Detecting underflow/overflow conditions for casting between bit-vectors. The first output is the result, the second component itself is a pair with the first boolean indicating underflow and the second indicating overflow.

>>> sFromIntegralO (256 :: SInt16) :: (SWord8, (SBool, SBool))
(0 :: SWord8,(False,True))
>>> sFromIntegralO (-2 :: SInt16) :: (SWord8, (SBool, SBool))
(254 :: SWord8,(True,False))
>>> sFromIntegralO (2 :: SInt16) :: (SWord8, (SBool, SBool))
(2 :: SWord8,(False,False))
>>> prove $ \x -> sFromIntegralO (x::SInt32) .== (sFromIntegral x :: SInteger, (sFalse, sFalse))
Q.E.D.

As the last example shows, converting to sInteger never underflows or overflows for any value.

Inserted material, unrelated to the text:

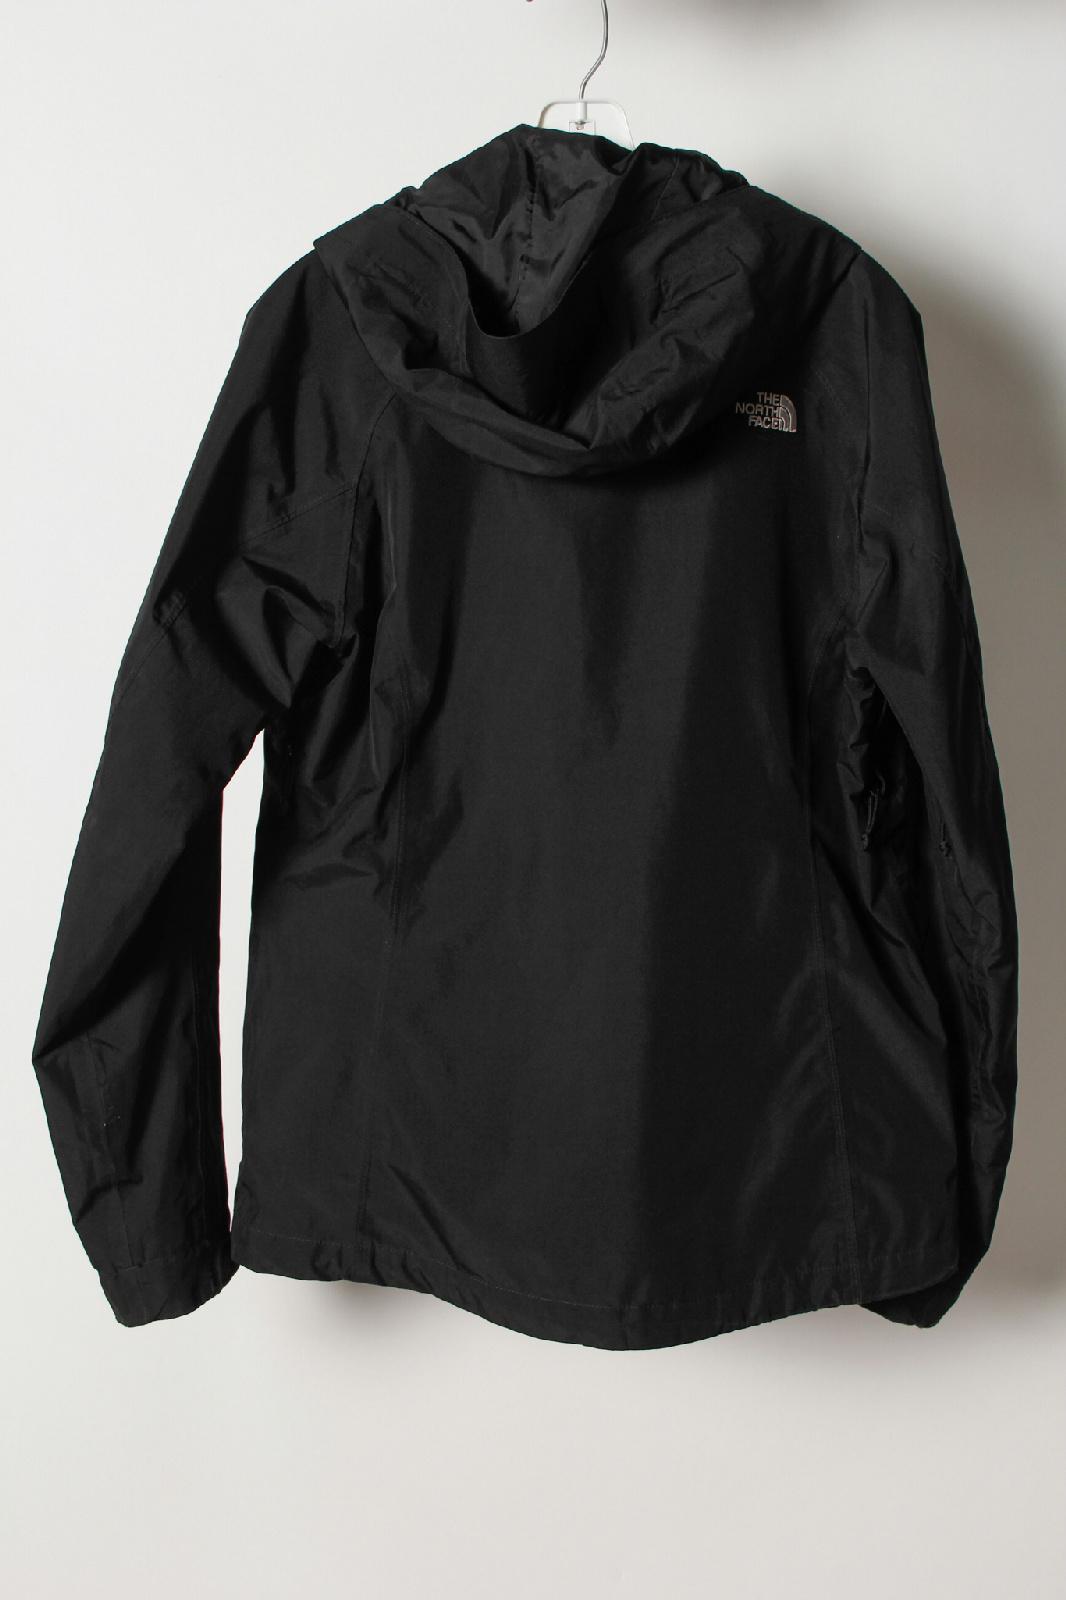 the north face hyvent black hood zip up windbreaker jacket. Black Bedroom Furniture Sets. Home Design Ideas
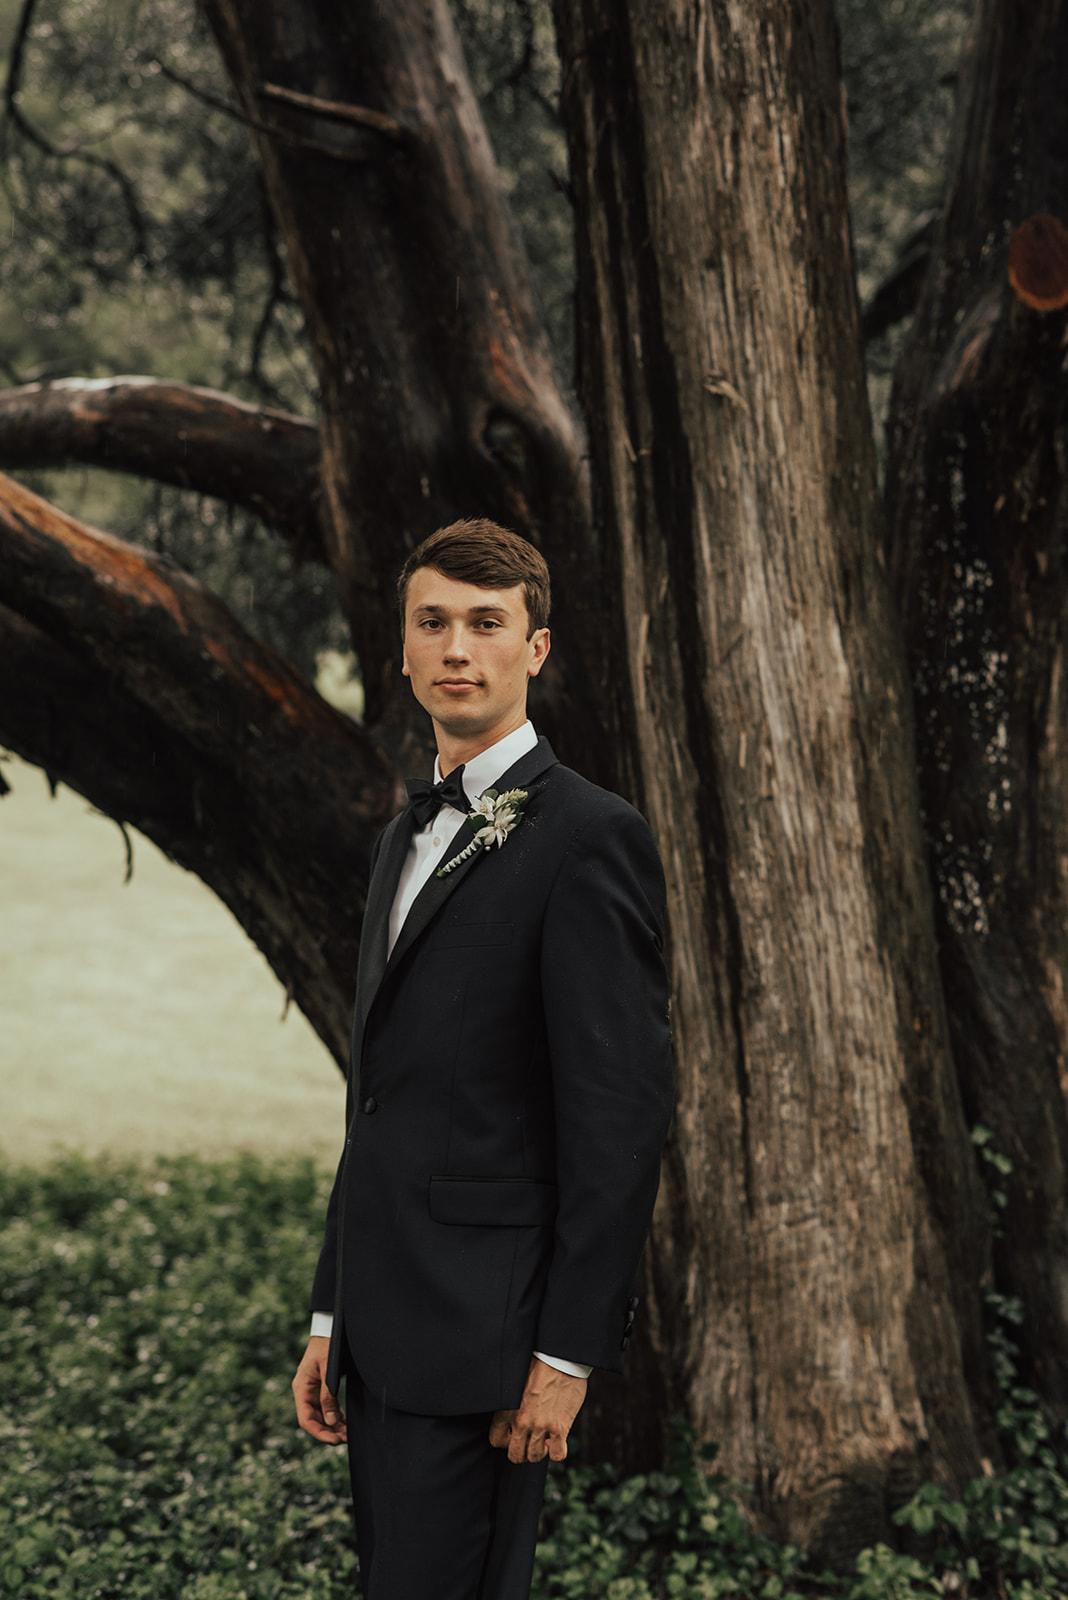 Richmond VA Wedding By SB Photographs077.jpg

sFromIntegralChecked :: forall a b. (?loc :: CallStack, Integral a, HasKind a, HasKind b, Num a, SymVal a, HasKind b, Num b, SymVal b) => SBV a -> SBV b Source #

Version of sFromIntegral that has calls to sAssert for checking no overflow/underflow can happen. Use it with a safe call.